III. The Iron Lines and Edge

Although the energy resolution is quite rough, in figure 1 it is already clear that both the line and the iron edge are progressively smoothed down with increasing inclination. This behaviour is in qualitative agreement with that obtained by Sincell (1998), who has considered the distortion of the Lyman edge (UV) in the Kerr metric and has shown that it would be detectable only at the lowest inclinations, that is for systems seen pole-on, and with the predictions of Ross et al. (1996).

This behaviour holds for both the static and spinning BH cases. As already emphasized by some authors (e.g. Martocchia & Matt 1996) possible tests for discriminating between the two situations could be based on the fact that the innermost stable orbit can lie much nearer to the event horizon in the case of a rotating hole - up to slightly over one gravitational radius (m) in the extremal Kerr case against 6m in the Schwarzschild case. If one assumes that the disc can efficiently re-radiate only in the stable-orbit regime, then very red-shifted features would be the imprint of photons emitted at extremely internal radii, therefore in an extreme-Kerr spacetime. Anyway, Reynolds and Begelman (1997) pointed out that the difference would be much smaller if efficient line emission is allowed from matter inside the last stable orbit. This can be of course the subject of specific calculations, which should anyway carefully consider the optical thickness and the ionization state of such free-falling matter.

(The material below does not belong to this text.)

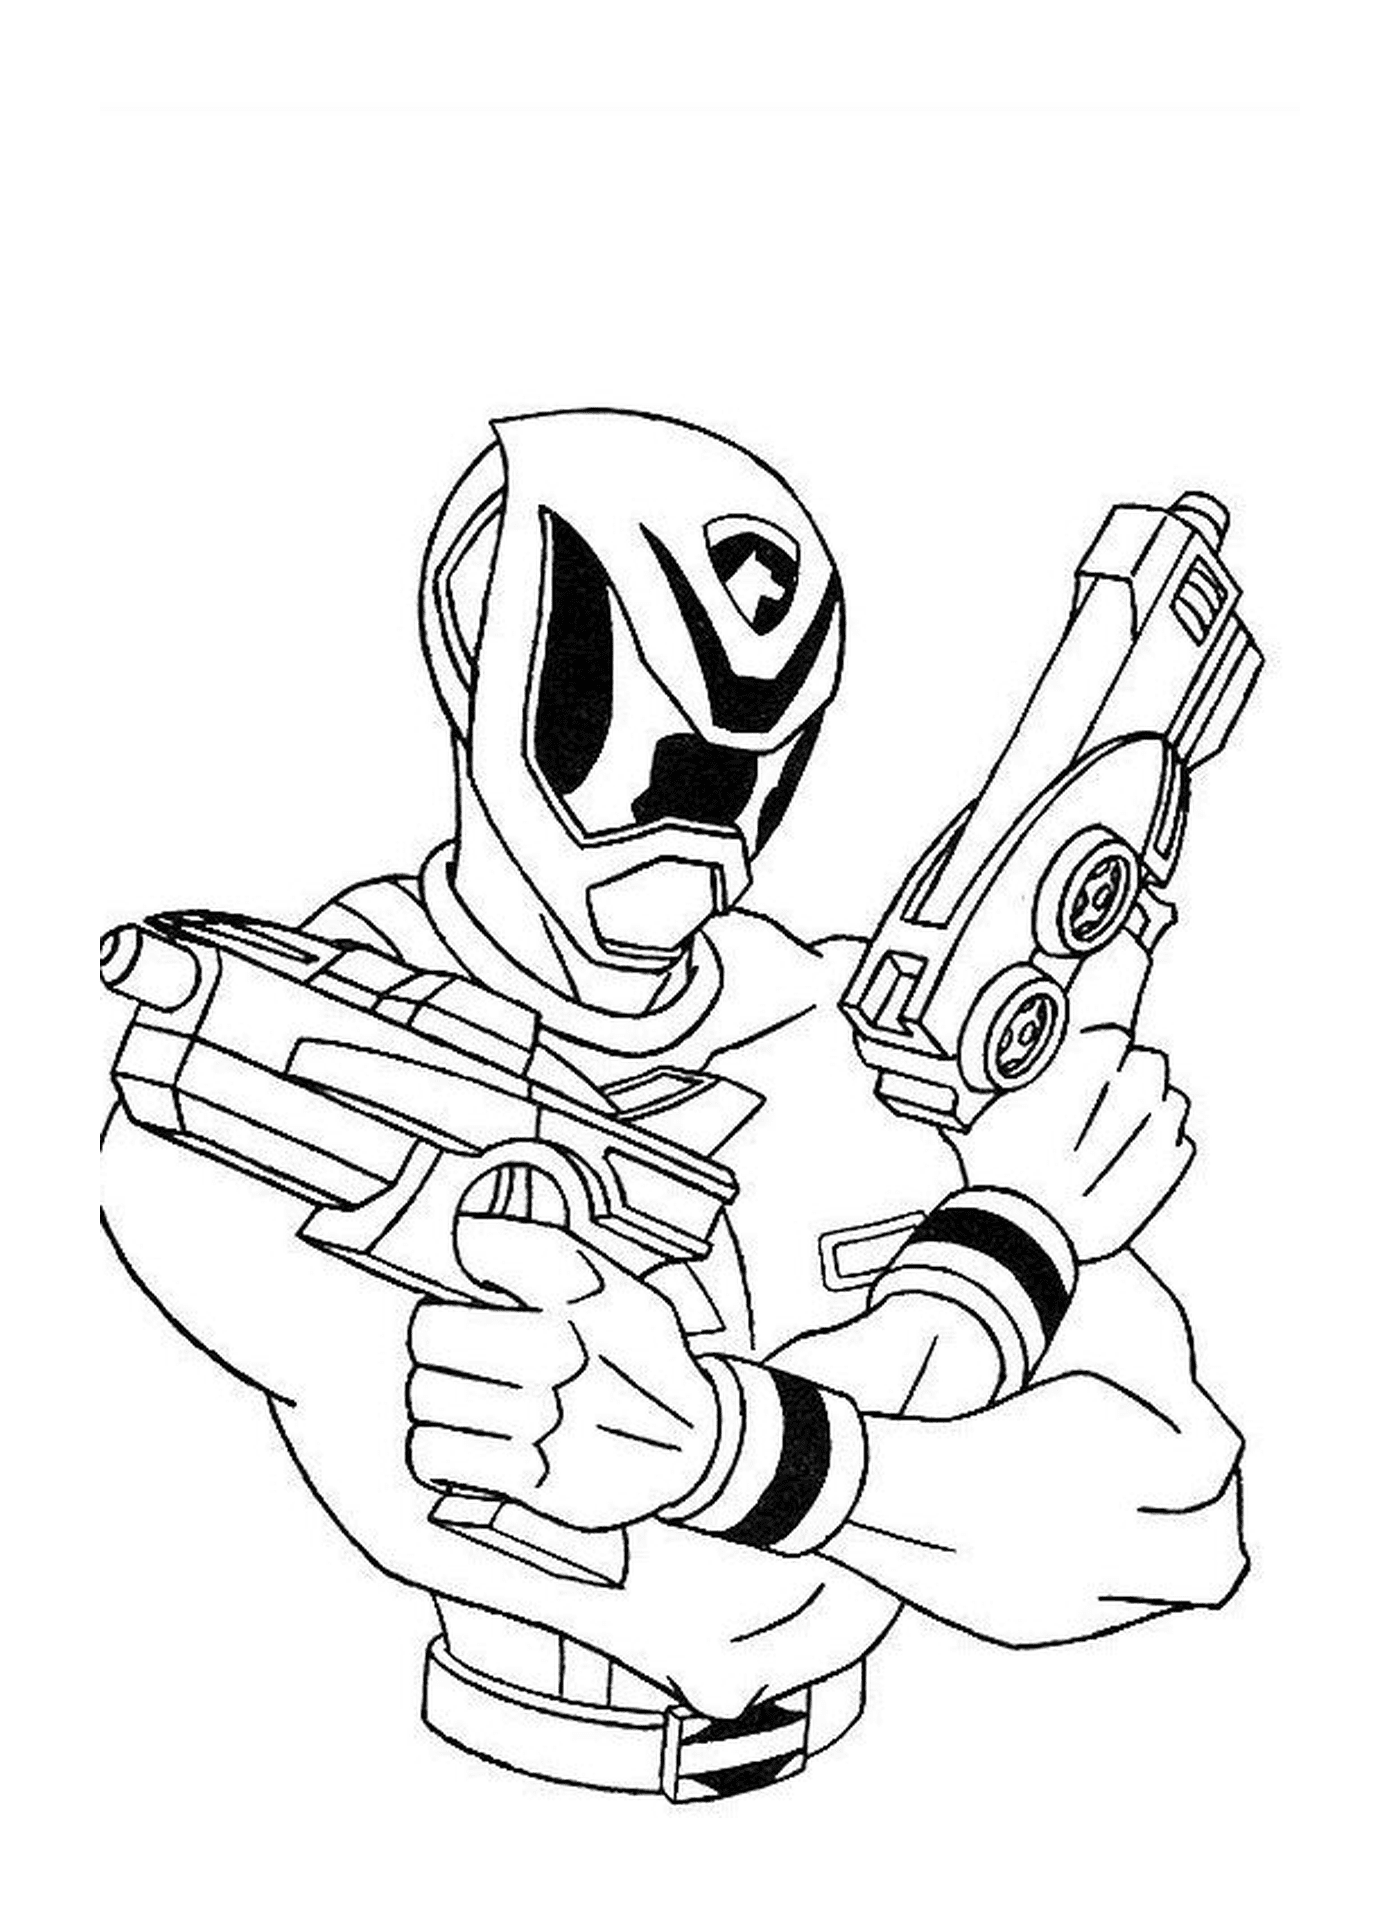  Presença de um Power Ranger com rifles

In order to clearly see the above mentioned smearing effects we considered a narrower energy range (E=4-9 keV) which contains the most important iron features, i.e. the K  and K  lines, whose rest energies in the assumed "low" ionization condition lie at 6.4 and 7.07 keV respectively, and the iron edge (at 7.1 keV). The results can be seen in figure 3, where we used a logarithmic vertical scale in order to better see the features. Diagrams obtained in pseudonewtonian approximation [PN], that is neglecting redshift and curvature of spacetime, in which the lines and the edge can be easily recognized, have also been plotted (filled with yellow) to allow a comparison with the "emitted" spectra.

For an observer located pole-on the iron line is broadened and quite red-shifted because of the high potential well. This effect is more pronounced in the extreme Kerr situation, when the the stable (emitting) orbits can extend pretty near the horizon, and would be much clearer if different emissivity laws were used. It seems indeed quite difficult to discriminate between rotating and non-rotating BHs if ordinary emissivity laws are considered. Only spectra corresponding to situations in which a consistent amount of the flux comes from the innermost part of the disc, such those resulting from a very anysotropic illumination (e.g. Martocchia & Matt 1996), would clearly show the effect of BH rotation. This will be the subject of future work.

If one moves away from the rotation axis of the BH (symmetry axis of the system) the iron line acquires a double-peaked profile due to the Doppler shift of the radiation coming from opposite sides of the disc. The two horns become more and more distant and almost disappear together with the iron edge when the Doppler shift effect is extreme (observer located edge-on). This imprint of the inclination on the line and edge is also shown in figure 4, obtained in the extreme Kerr case. It can be seen that for intermediate inclination the "blue" peak is higher than the "red" one, as an effect of Doppler boosting on the radiation coming from the "approaching" side, which corresponds to the behaviour already noticed by all authors who calculated relativistic line profiles.

IV. Combined Effects

In the past years, expecially after a relativistic iron line profile has been observed in the Seyfert 1 galaxy MGC-6-30-15 (Tanaka et al. 1995), a lot of work has been performed in modelling line profiles of both static and spinning BHs. At this aim many physical and geometrical assumptions have been considered in order to take into account more realistic accretion models and to explain the line equivalent width [EW] issue (see among others: Karas et al. 1995, Martocchia & Matt 1996, Rybicky & Bromley 1997, Pariev & Bromley 1997, Reynolds & Begelman 1997).

Anyway, some auhors have already noticed that the iron line shown in the spectrum of MGC-6-30-15 - as well as its very peculiar profile during the spectral state of the source considered by Iwasawa et al. (1996) - have been derived from the data by subtracting a continuum which does not posses the broad trough due to the relativistic smearing of the iron edge. This has been the case for all similar observations up to now, so this is one of the reasons why we find particularly important to look for combined effects on the line and the continuum and possibly get line profiles after self-consistent subtraction of the underlying Compton-reflected spectrum.
Another reason for looking at combined effects is that the range of hypotheses in this field has grown in such a way that it becomes more and more difficult to use any peculiarity of the line profiles alone (equivalent width, broadness, relative horn heights,...) in order to get direct informations on the physics of the system (BH spin, disc physics, emitting radii, and so on) because the results of calculations show that analogous effects can be in principle produced by a variety of factors.